明る日七日救護活動に入りました。学校は第二陸軍病院の東城分院(講堂、教室の一部、事務室、調理、便所等使用)が設立されました。東城駅へ被爆者が次々と軍用列車で来られるので先生や生徒で出迎へて東城分院に搬入しました。重症患者は担架のまま下車されるのでそれを受取って運ぶ人やそれぞれ分担し救護に当りました。私は、軽症患者さんに肩をかして歩行の介助をしました。

病室にあてられた講堂の中は、まん中に通路が有るだけでゴザを敷き丸太を並べた様に患者さんを寝かせて有りました。講堂内は熱暑でむんむんしてものすごい悪臭でした。私はウチワで仰いだりハエを追ったり患者さんの傷口のウジを箸で取ったり、ぬれたタオルで顔を冷したり顔や手足をふいてあげたり傷口に白い油グスリをぬったり赤チンをつけたりしました。水をくれ水をくれと云われました。水を呑ませたらいけないよと看護婦さんに云われ呑ませてあげる事は出来ませんでした。

学校には二つの井戸が有りましたがその一つは講堂の近くに有りました。被爆者の方が苦しさのあまり何人かの人が井戸で自殺されましたので水が使えなくなり繃帯など洗濯物は学校の裏の川で洗い河原の石の上で乾かしました。
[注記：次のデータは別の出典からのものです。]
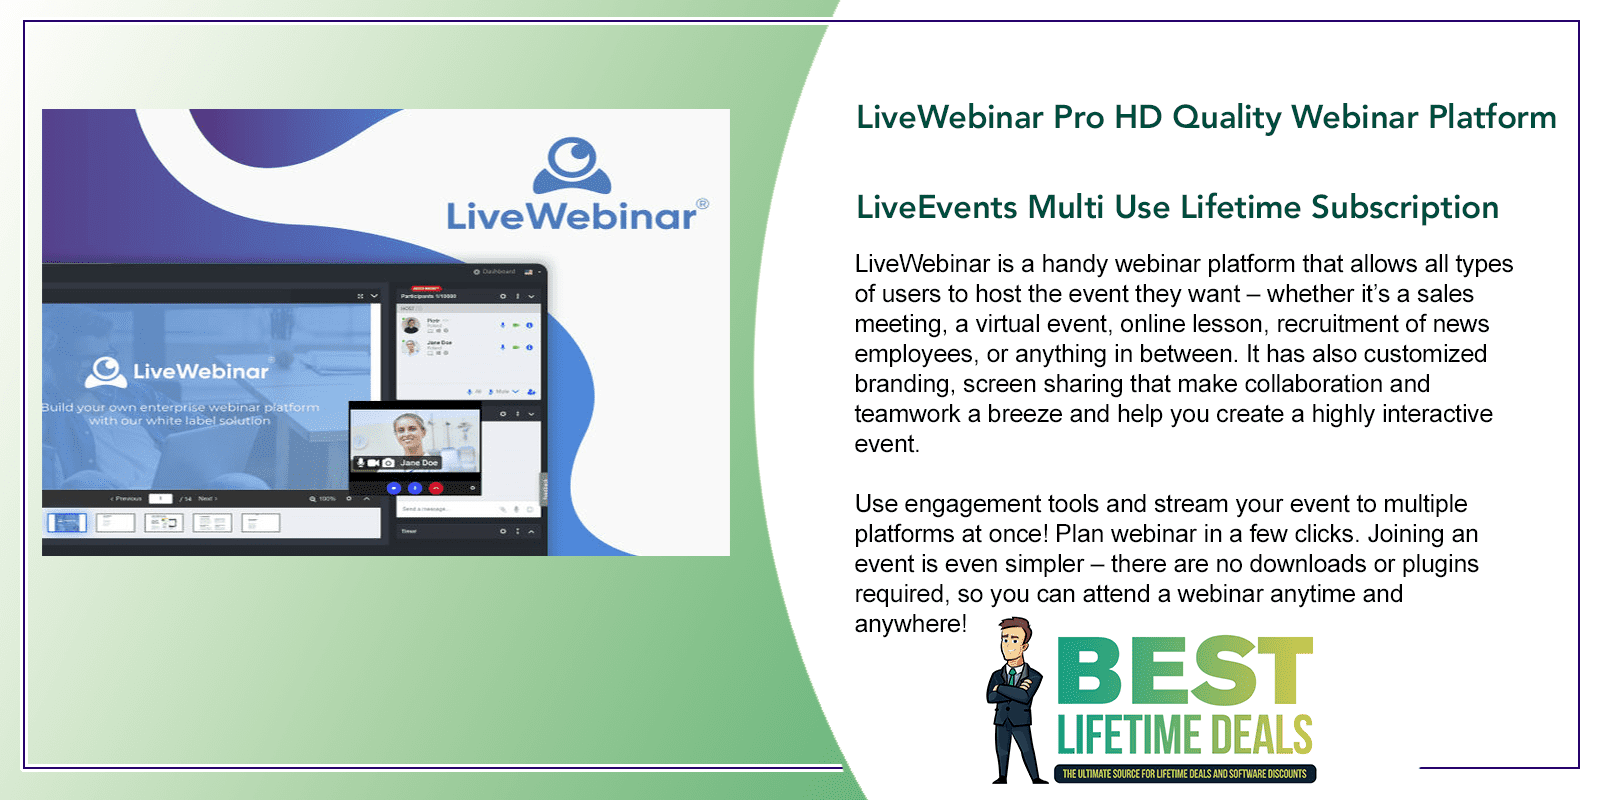 LiveWebinar Pro HD Quality Webinar Platform LiveEvents Multi Use Featured Image

毎日、毎日、何人かの人が亡くなられ霊安室に運び込まれ身にまとってゐた衣類は全部ぬがされて運動場の片隅にドラム缶に湯をわかし煮沸消毒して再利用されるのです。まる裸にされた仏様は本当に可愛そうと私達は前を通るたびに合掌しました。校舎の向ふに見える火葬場から毎日毎日黒い煙が上ってゐたのをおぼえてゐます。あの時の状況が今でも目にうかんで来ます。

平和な今日本当に有難く幸を感じて居ります。